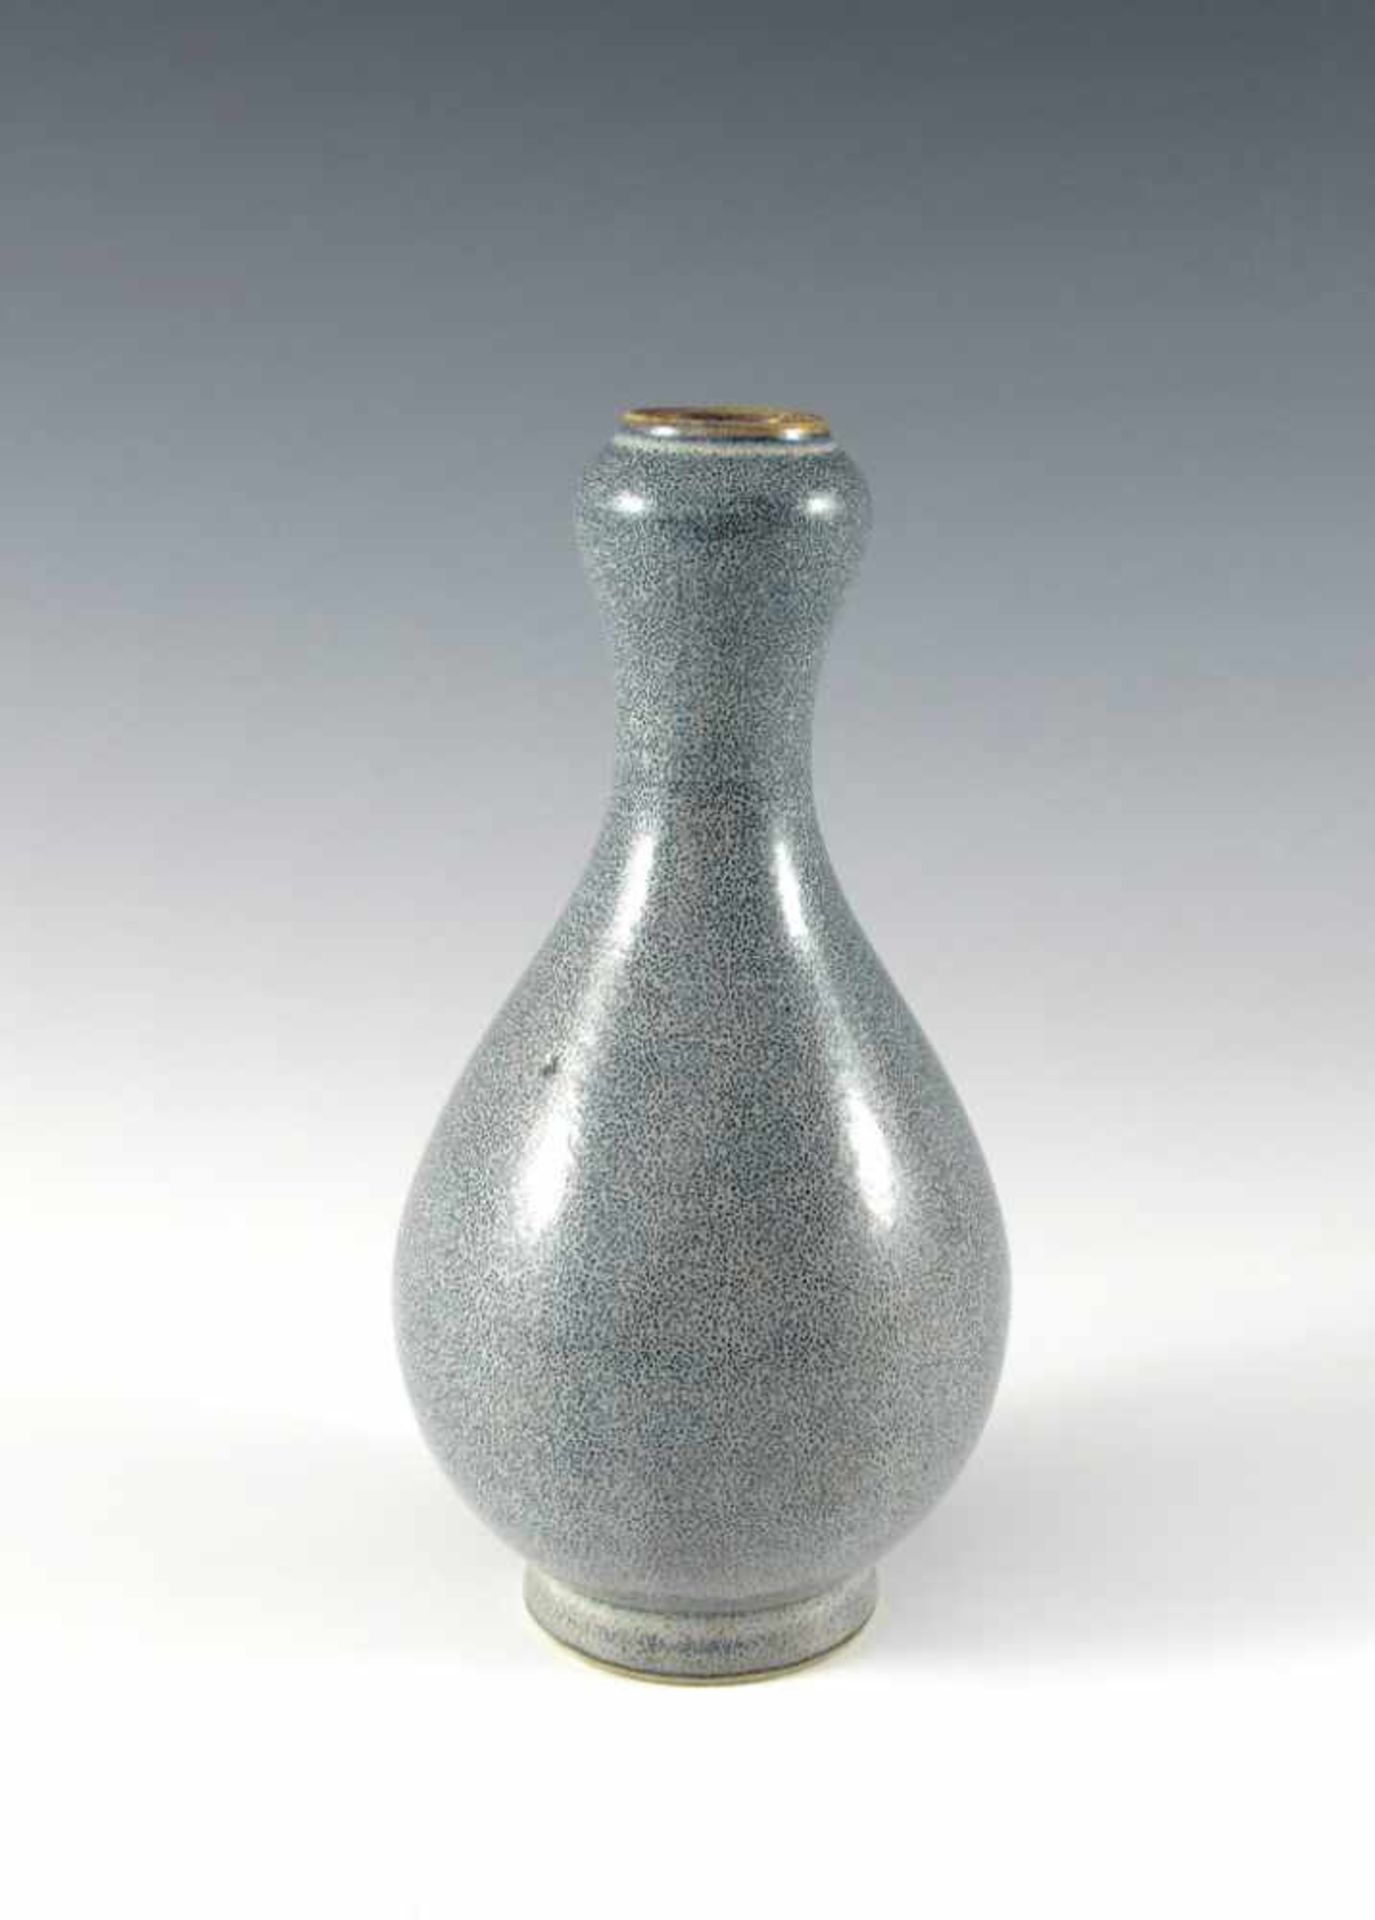 Vase. Keulenform. Feine Robin's egg-Glasur. Bodenmarke mit sechs Charakteren. China. H 16 cm
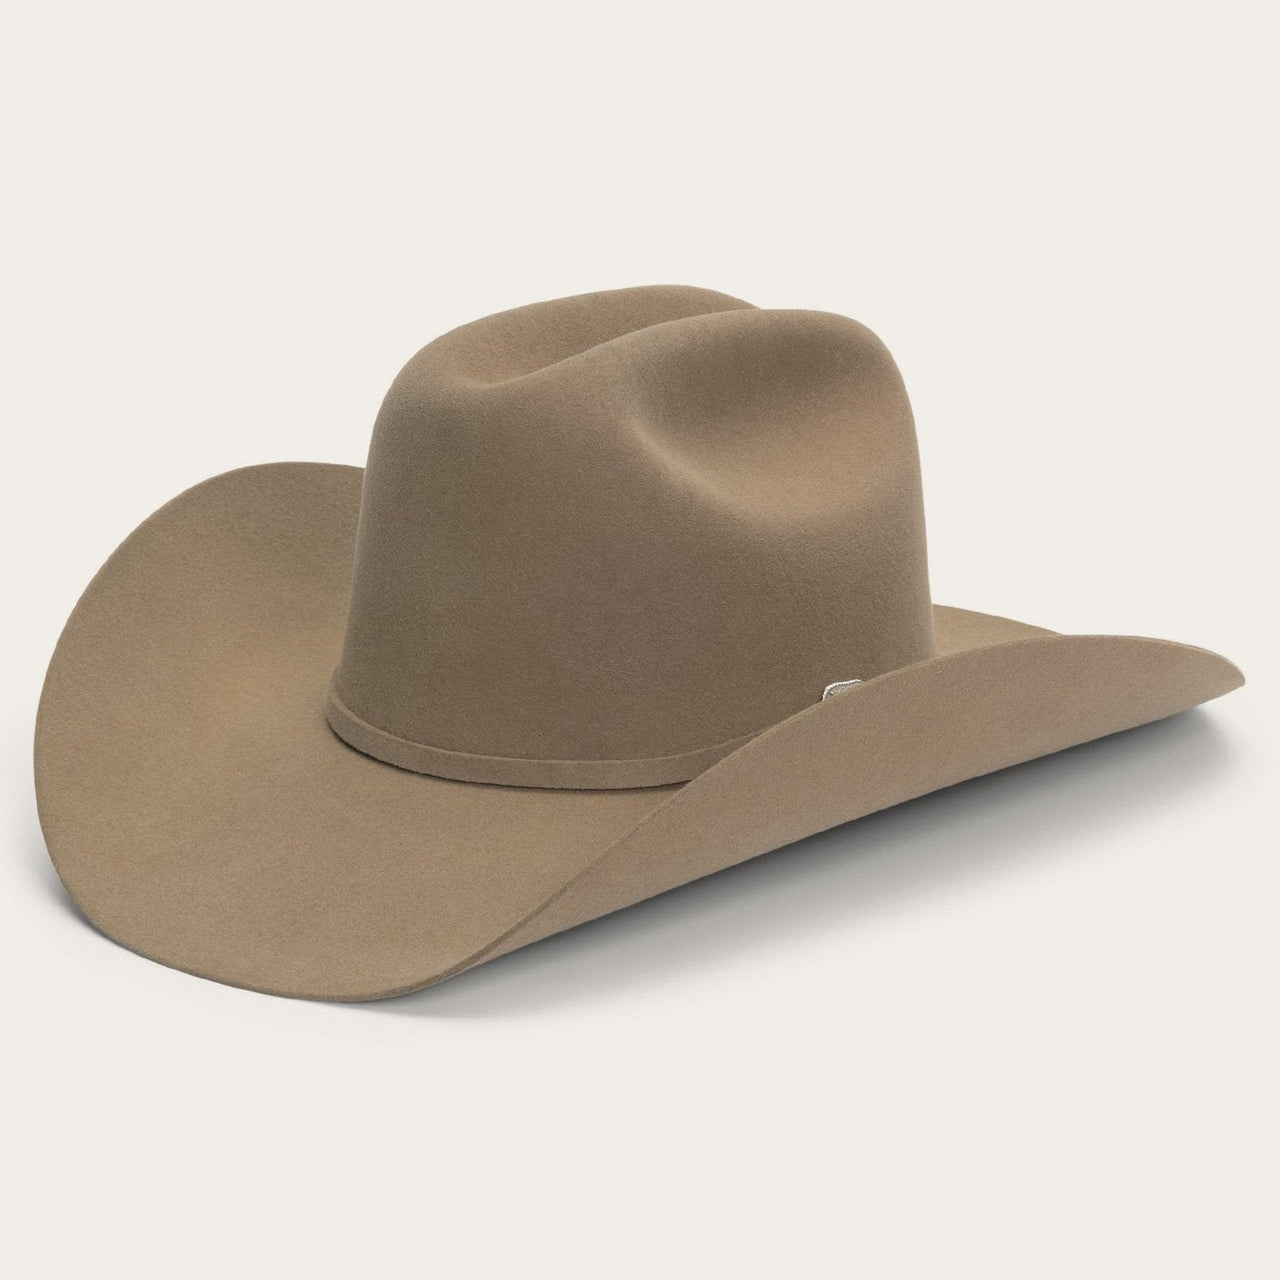 6x Stetson Skyline Sombrero Cowboy de Fieltro de Piel Sahara
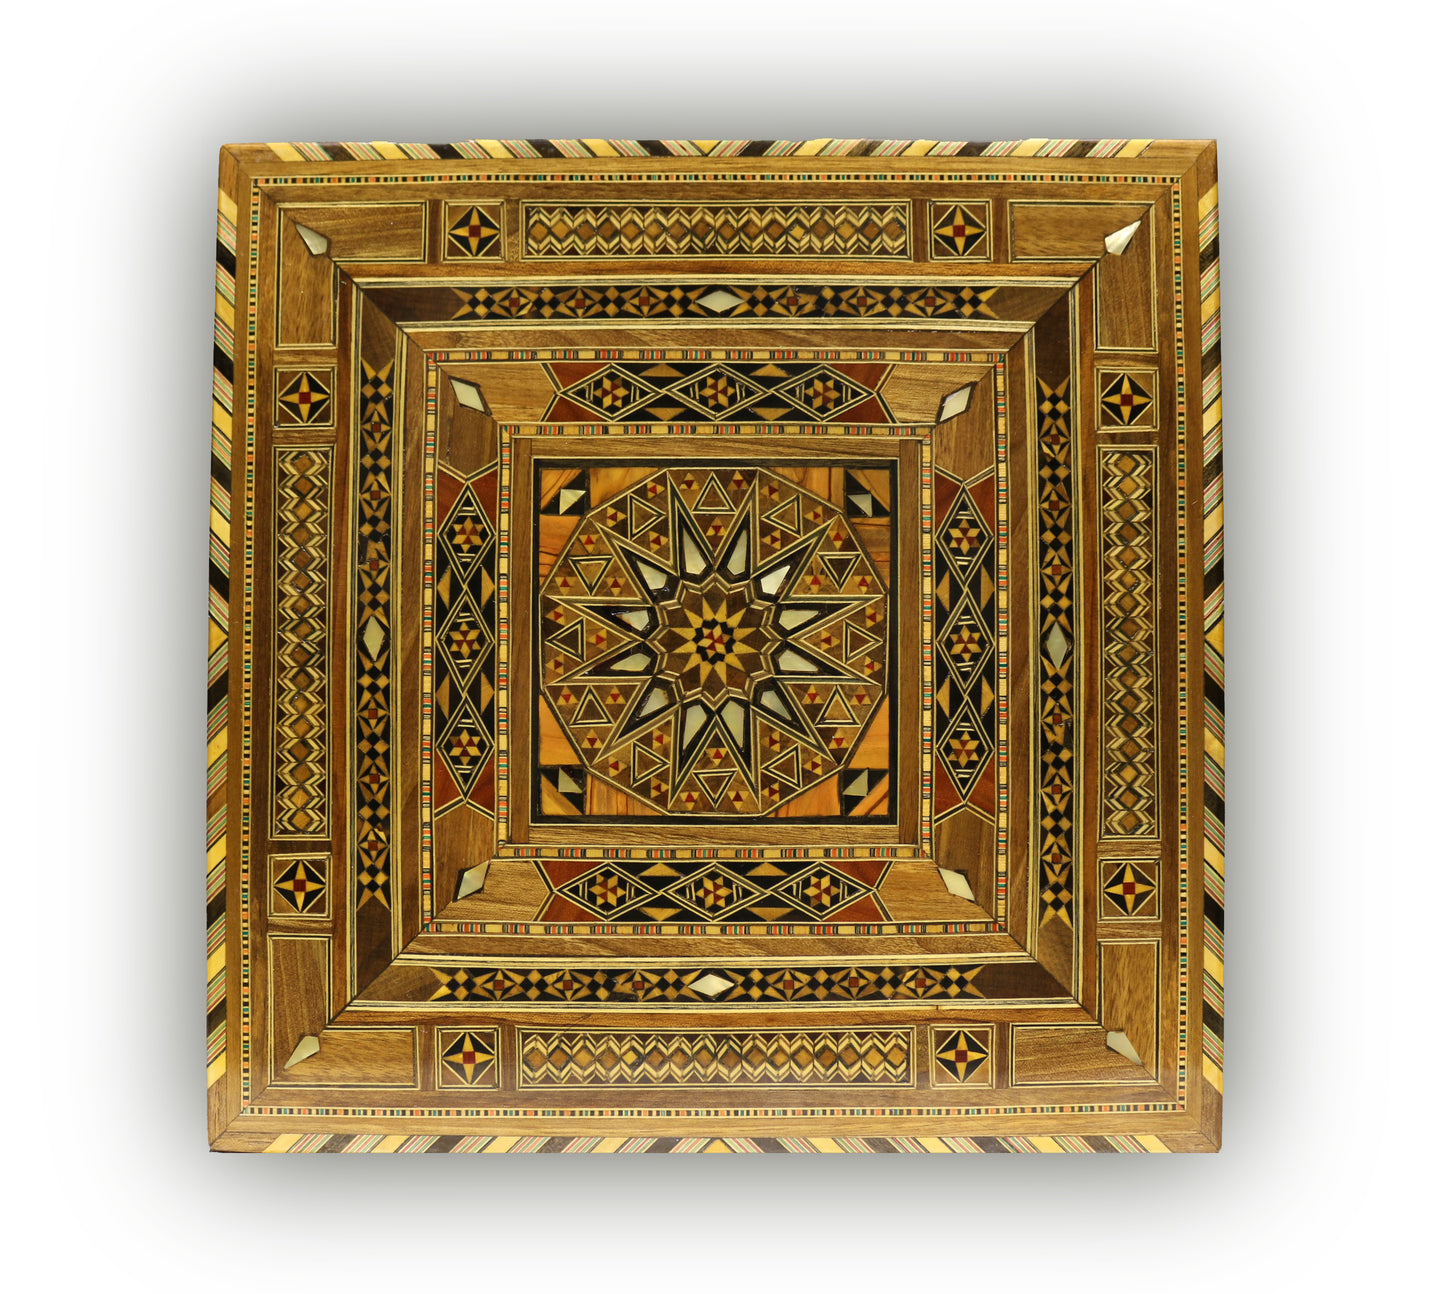 Neu Holz Mosaik Schatulle,Box,Kästchen, Damaskunst K 2-2-31 - Damaskunst - [variant_title]-[option1]
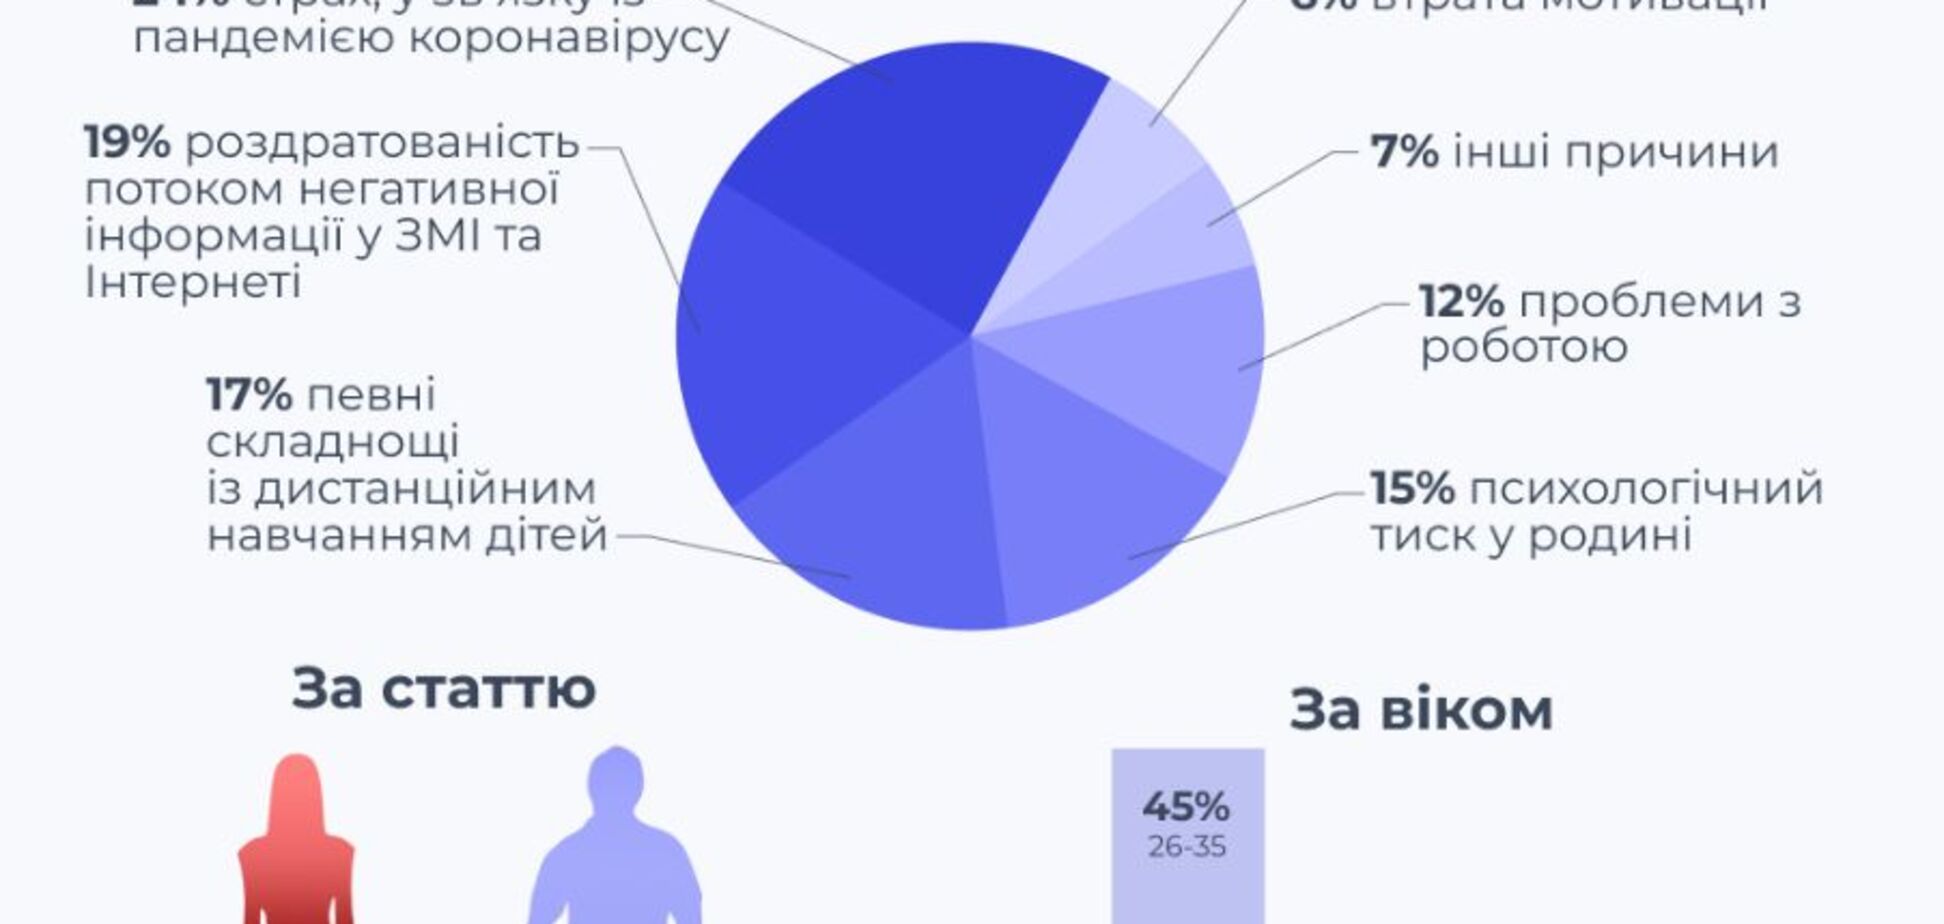 В Киеве набирает популярность платформа эмоциональной поддержки
**********
**Activity:** The answer should match the material exactly, with every picture removed.

**Output of the task:**
 Vase. Keulenform. Feine Robin's egg-Glasur. Bodenmarke mit sechs Charakteren. China. H 16 cm
 6x Stetson Skyline Sombrero Cowboy de Fieltro de Piel Sahara
 Neu Holz Mosaik Schatulle,Box,Kästchen, Damaskunst K 2-2-31 - Damaskunst - [variant_title]-[option1]
 В Киеве набирает популярность платформа эмоциональной поддержки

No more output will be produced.